══ Provided material ══
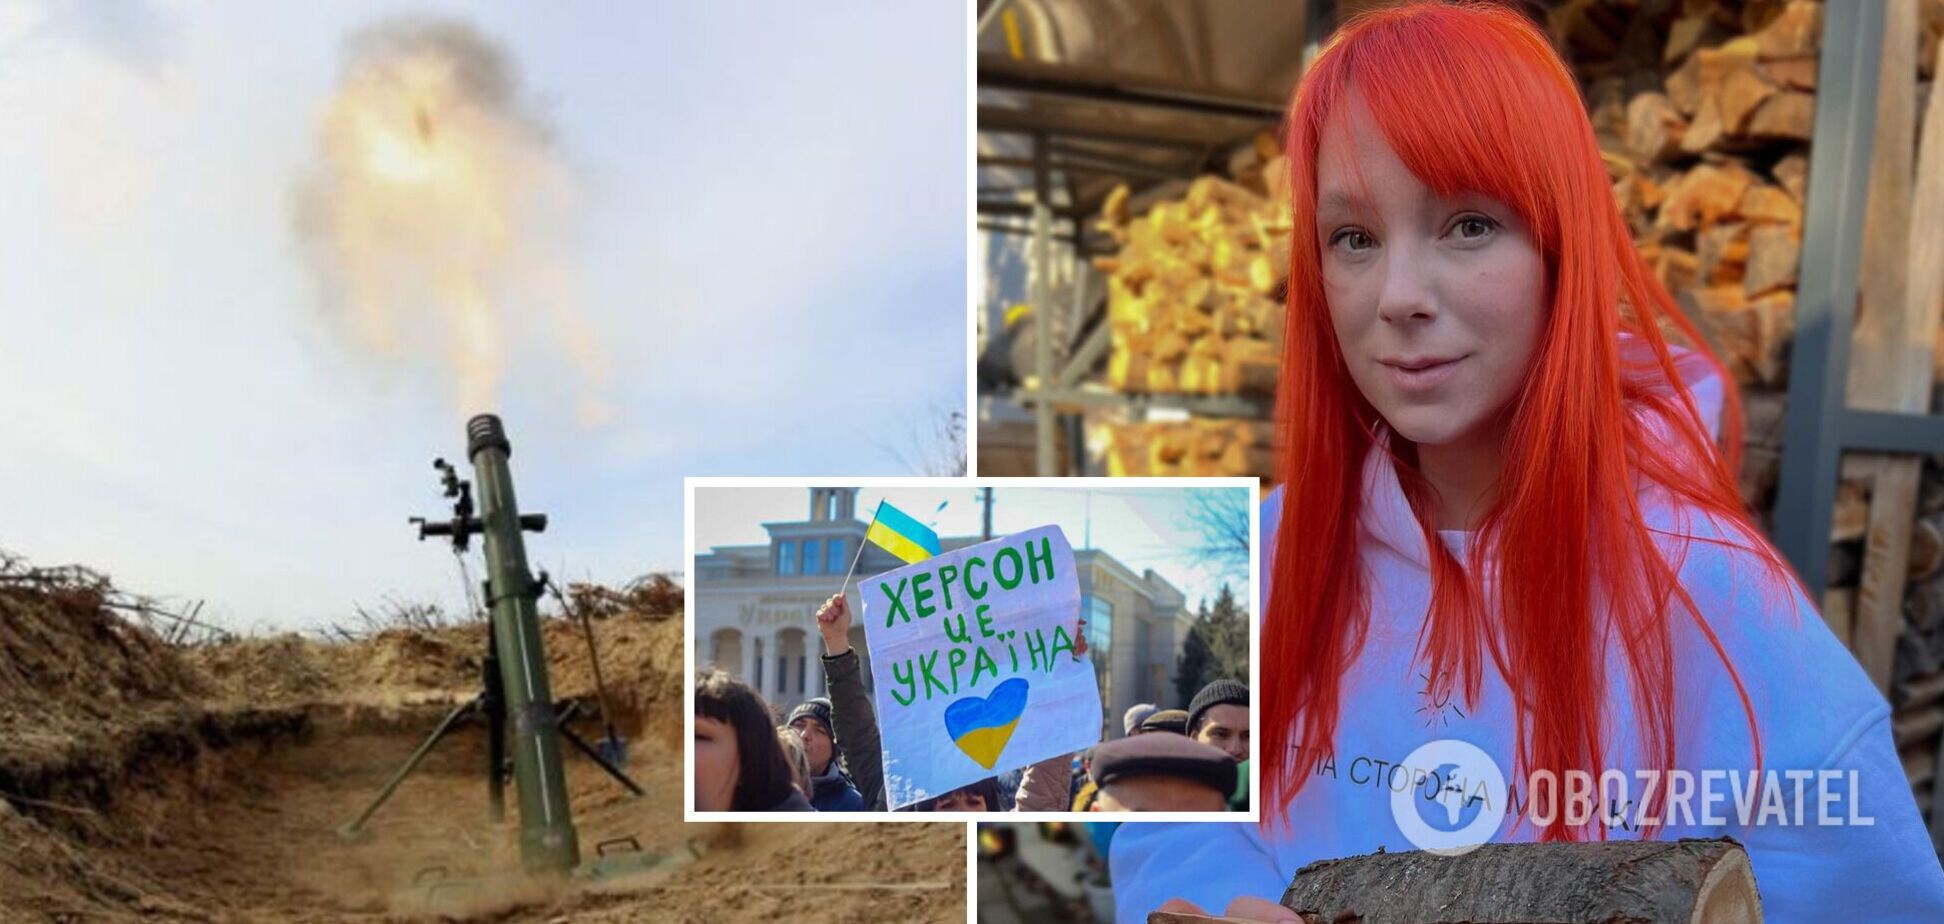 Тарабарова рассказала, что оккупанты уничтожили ее школу в Херсоне. Фото
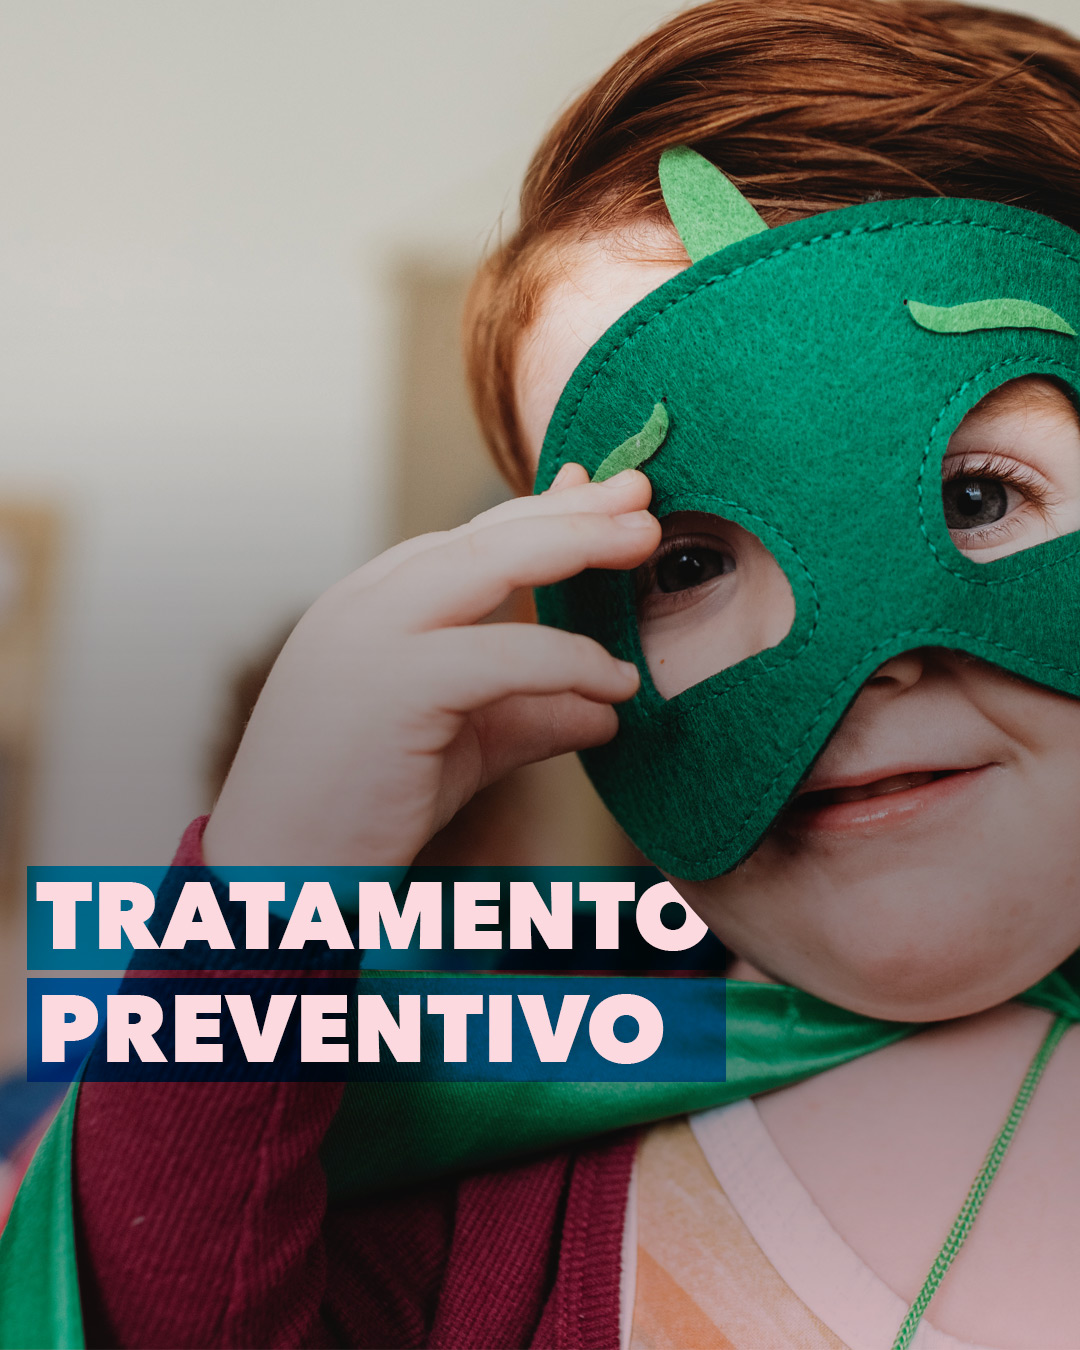 Read more about the article Tratamento Preventivo para Crianças.
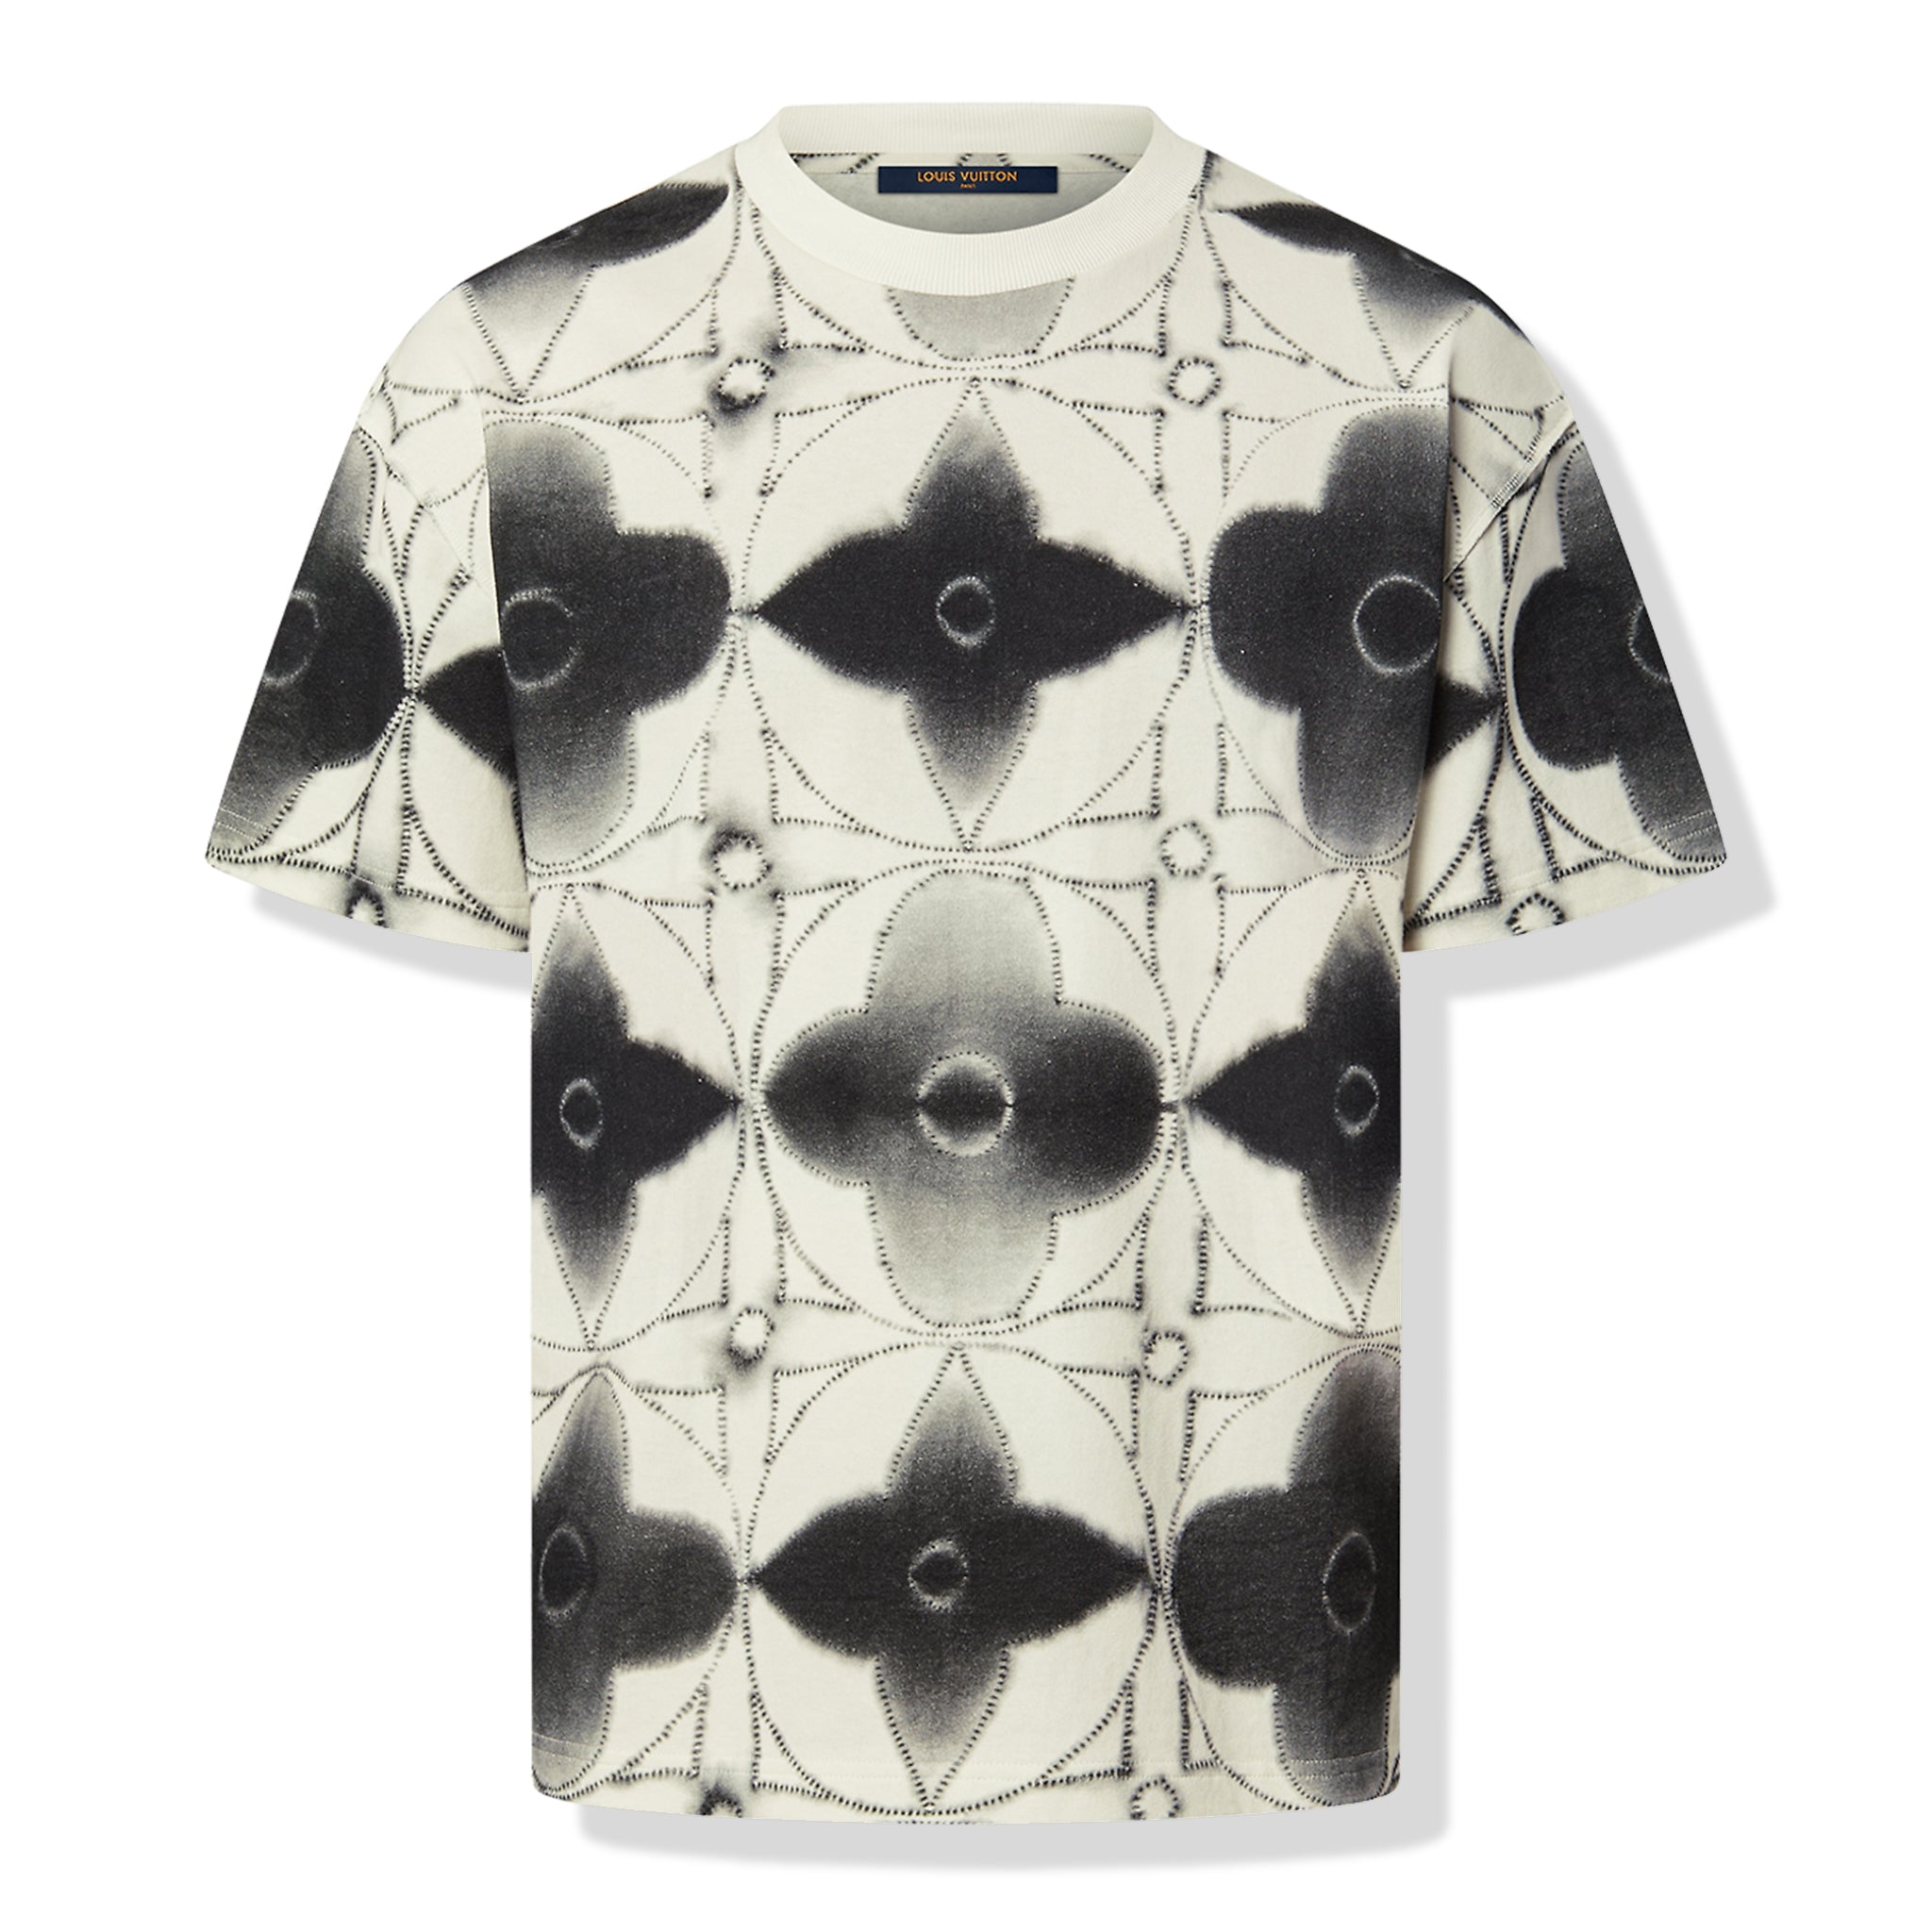 Image of Louis Vuitton Shibori Printed Tie-Dye Dark Grey T Shirt
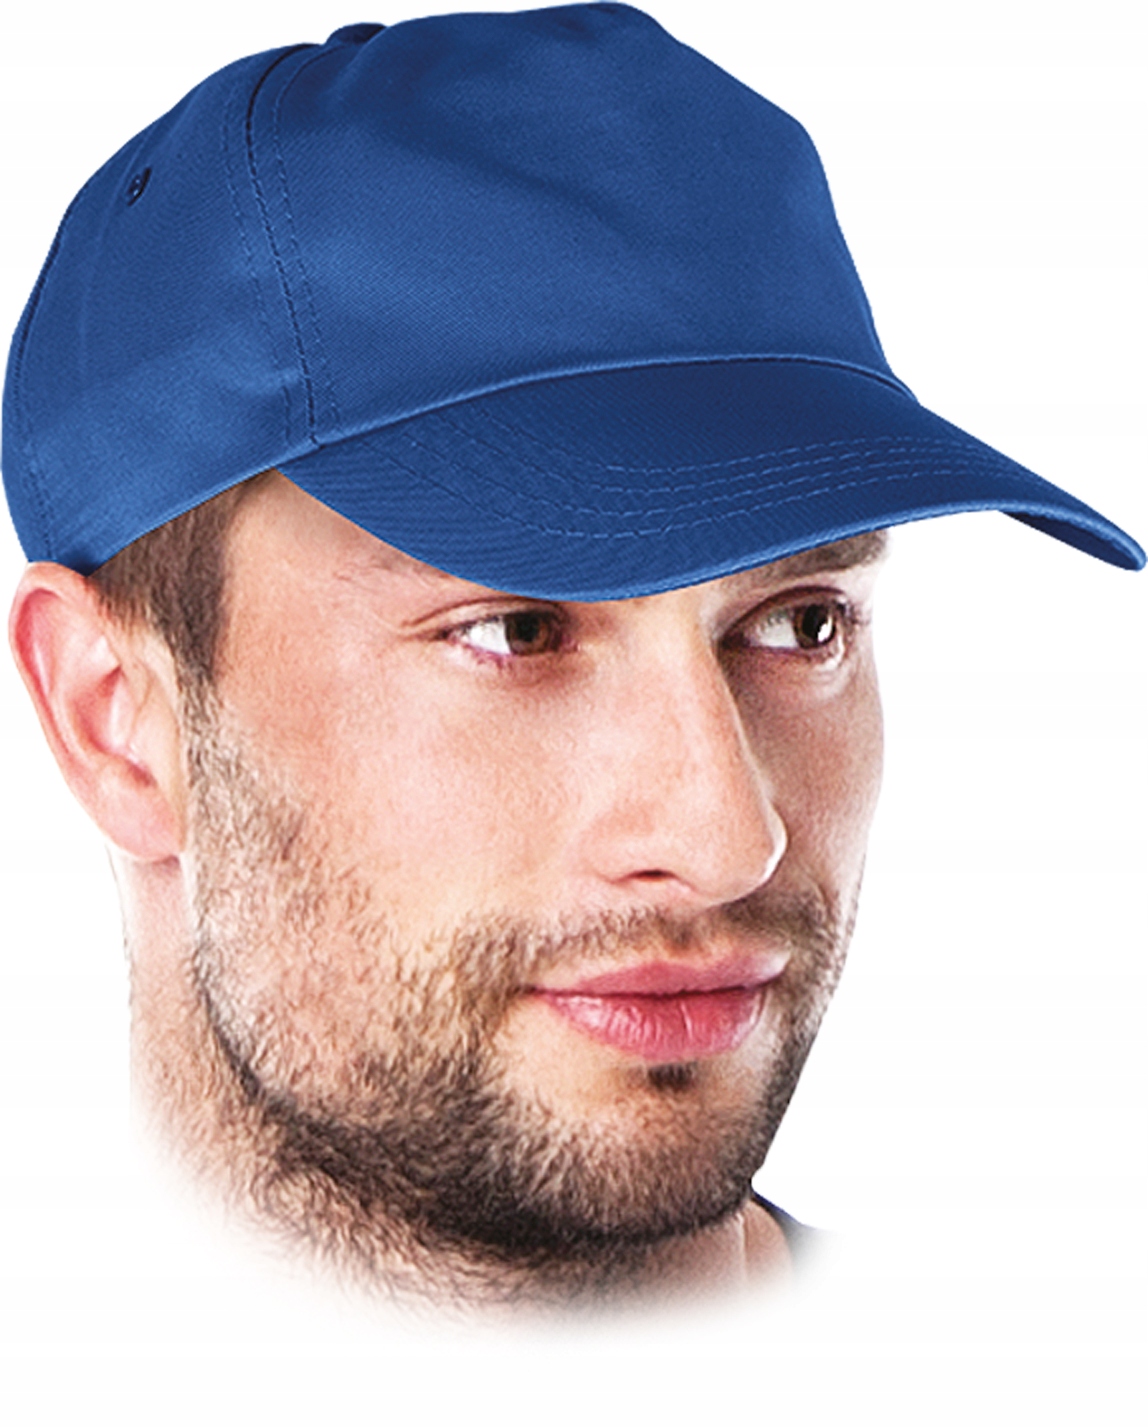 čiapka s ochranným šiltom modrá so zapínaním na suchý zips ideálna na zdobenie
═══
▶ [What the task requires] What you hand back should match the listing exactly, except that no pictures appear.

▶ [Solved exercise]
 Тарабарова рассказала, что оккупанты уничтожили ее школу в Херсоне. Фото
 Read more about the article Tratamento Preventivo para Crianças.
 Image of Louis Vuitton Shibori Printed Tie-Dye Dark Grey T Shirt
 čiapka s ochranným šiltom modrá so zapínaním na suchý zips ideálna na zdobenie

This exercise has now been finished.